3

I was trying what I hoped to be a trivial exercise in coding: sorting Javascript strings with an ASCII style lexicographical order (e.g. numbers before capitalized letters before lowercased letters...).

Here's a snippet:

var str1 = "ab";
var str2 = "Ab";
var n = str1.localeCompare(
    str2, "en", {sensitivity: 'variant', caseFirst: "upper"}
);

In this case, I would expect n to be 1, but it returns -1 instead.

From the documentation on this page:

  • the sensitivity value set as variant would allow differentiating between all base and accented letters, including case
  • the caseFirst value set as upper would force upper-cased letters to compare smaller than lower-cased letters
  • the lack of usage parametrization would default to sort, which would be irrelevant here anyway since I'm specifying variant
  • the lack of ignorePunctuation parametrization would default to false

I am assuming the options override the default locale settings, although I couldn't find any specific information on the matter. In truth if it defaulted to en-US and had priority over the options, then I imagine case would be ignored (e.g. see accepted answer here).

What am I doing wrong?

Notes

  • I am mentioning "ASCII" here for the sole purpose of identifying a sorting order that does not ignore case and sorts uppercase letters before lowercase letters where applicable. I would ultimately employ this for unicode strings as well.
  • As suggested by some, this is likely engine-dependent. Replicated with Firefox ESR 52.6.0, and Chromium 64.0.3282.167.
Mena
  • 47,782
  • 11
  • 87
  • 106
  • Running your code, I actually get `1`. – Patrick Roberts Mar 13 '18 at 14:32
  • 1
    it is browser dependent which result you get. it works for chrome, but not in edge. – Nina Scholz Mar 13 '18 at 14:42
  • @NinaScholz thanks, that makes sense. Added browser in notes. – Mena Mar 13 '18 at 14:44
  • Now added browser*s* in notes... – Mena Mar 13 '18 at 14:47
  • are you looking for a solution which works always? something like https://stackoverflow.com/questions/33260479/javascript-sorting-an-array-like-order-by-in-oracle/33269451#33269451 with with changed cases? – Nina Scholz Mar 13 '18 at 14:50
  • @NinaScholz Thanks for the link. Interesting custom sorting, but unfortunately your solution #1 doesn't look like it would be working for me. Firstly it doesn't seem to yield `digit < letter` and from the specifications of the question it won't yield `uppercase letter < lowercase letter` either. – Mena Mar 13 '18 at 14:58
  • 1
    Note: All strings in JavaScript are Unicode (UTF-16 encoding). Also, while JavaScript does support locales, it does not natively support identifying all digit and letter characters, including by Unicode categories. So, you'd have to use lots of codepoint ranges for that. Google for code generators that help in this case. – Tom Blodget Mar 13 '18 at 15:36

2 Answers2

1

You could use a workaround by looking of the case of the letters and use a helper string which reflects the position of the upper and lower letters.
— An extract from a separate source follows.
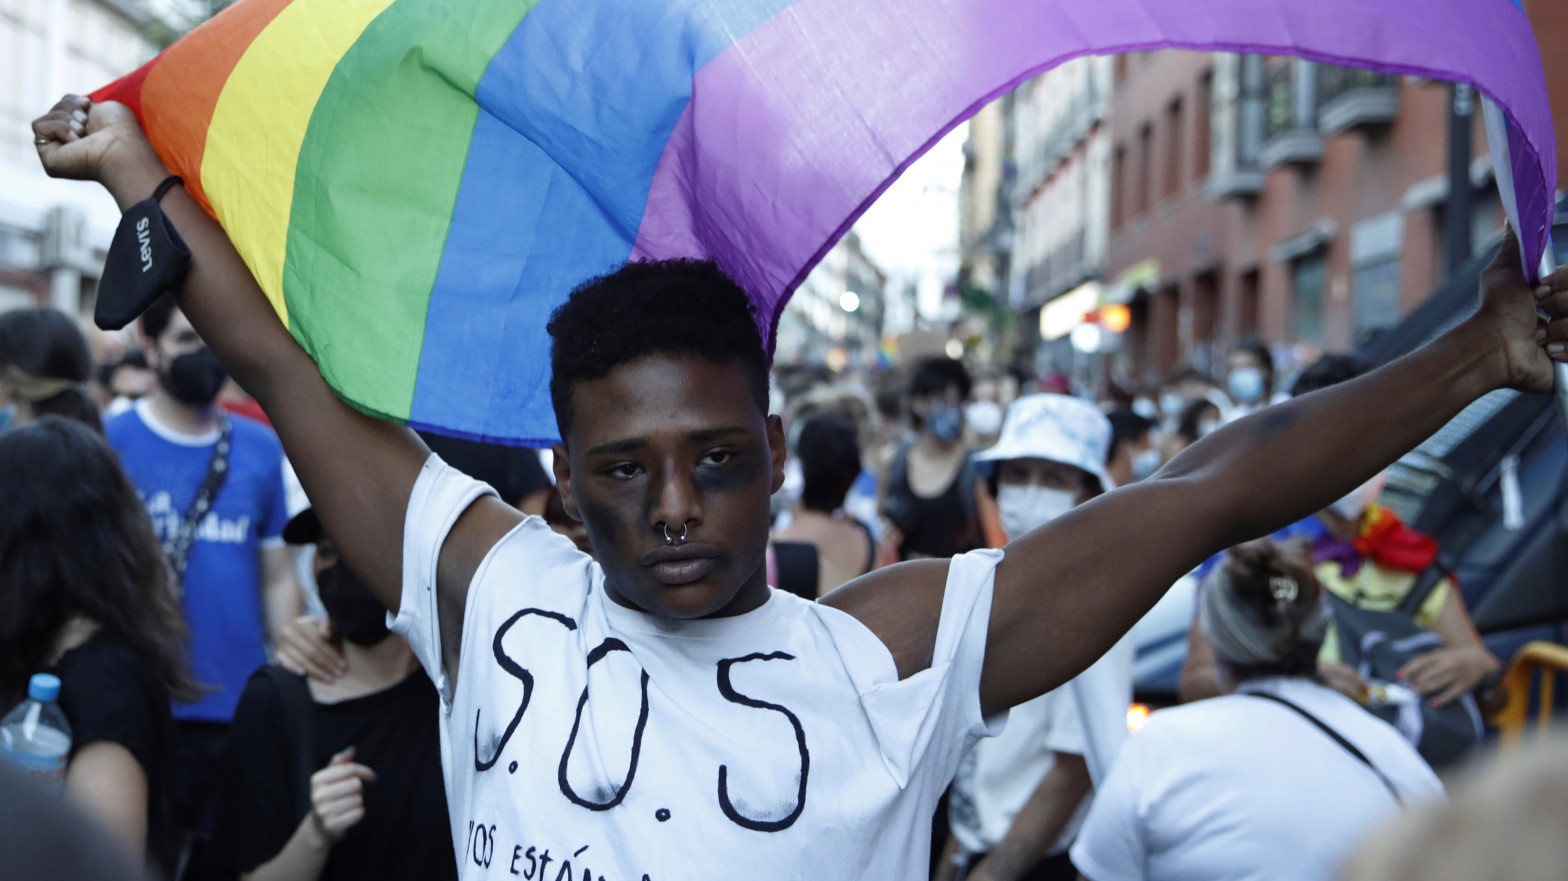 Feijóo: No me atrevo a tipificar el asesinato de Samuel como homofobia
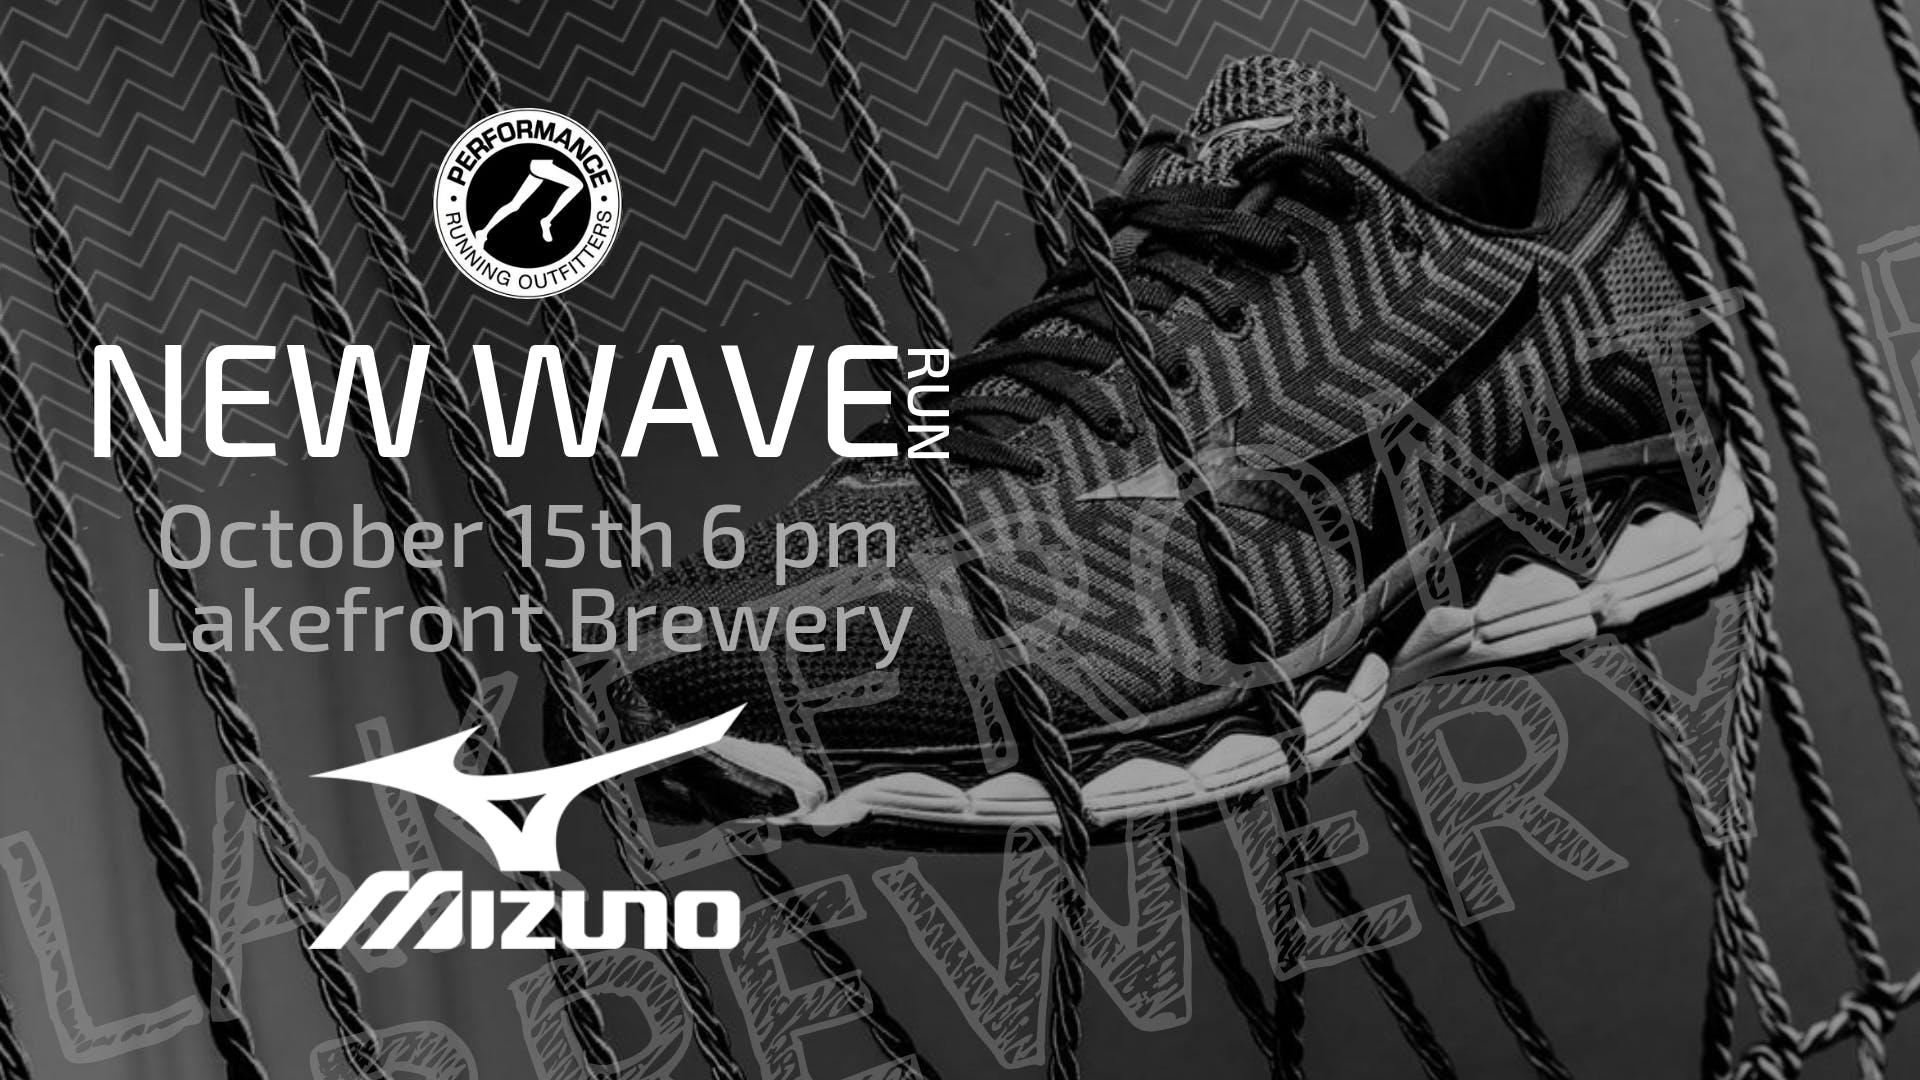 New Wave Brewery Run with Mizuno - 10/15

Helper array before sorting

index  value
-----  -----
   0    a b 
   1    a  B
   2     Ab 
   3     A B

after sorting

index  value
-----  -----
   3    A B
   2    Ab 
   1   a  B
   0   a b 

var array = ['ab', 'aB', 'Ab', 'AB'],
    mapped = array
        .map((el, i) => ({ index: i, value: [...el].map(c => c === c.toUpperCase() ? ' ' + c : c + ' ').join('') }))
        .sort((a, b) => a.value.localeCompare(b.value)),
    result = mapped.map(el => array[el.index]);

console.log(result);
.as-console-wrapper { max-height: 100% !important; top: 0; }
Nina Scholz
  • 376,160
  • 25
  • 347
  • 392
  • Thanks Nina. That seems to be more cumbersome than Patrick's solution, so ultimately I'd pick his for simplicity. – Mena Mar 13 '18 at 15:52
1

I'm not sure how you're getting -1. When I run the exact code you've provided, I get 1. I only get -1 when testing with str1.localeCompare(str2). Perhaps make note of this warning:

Implementations are not required to support this property.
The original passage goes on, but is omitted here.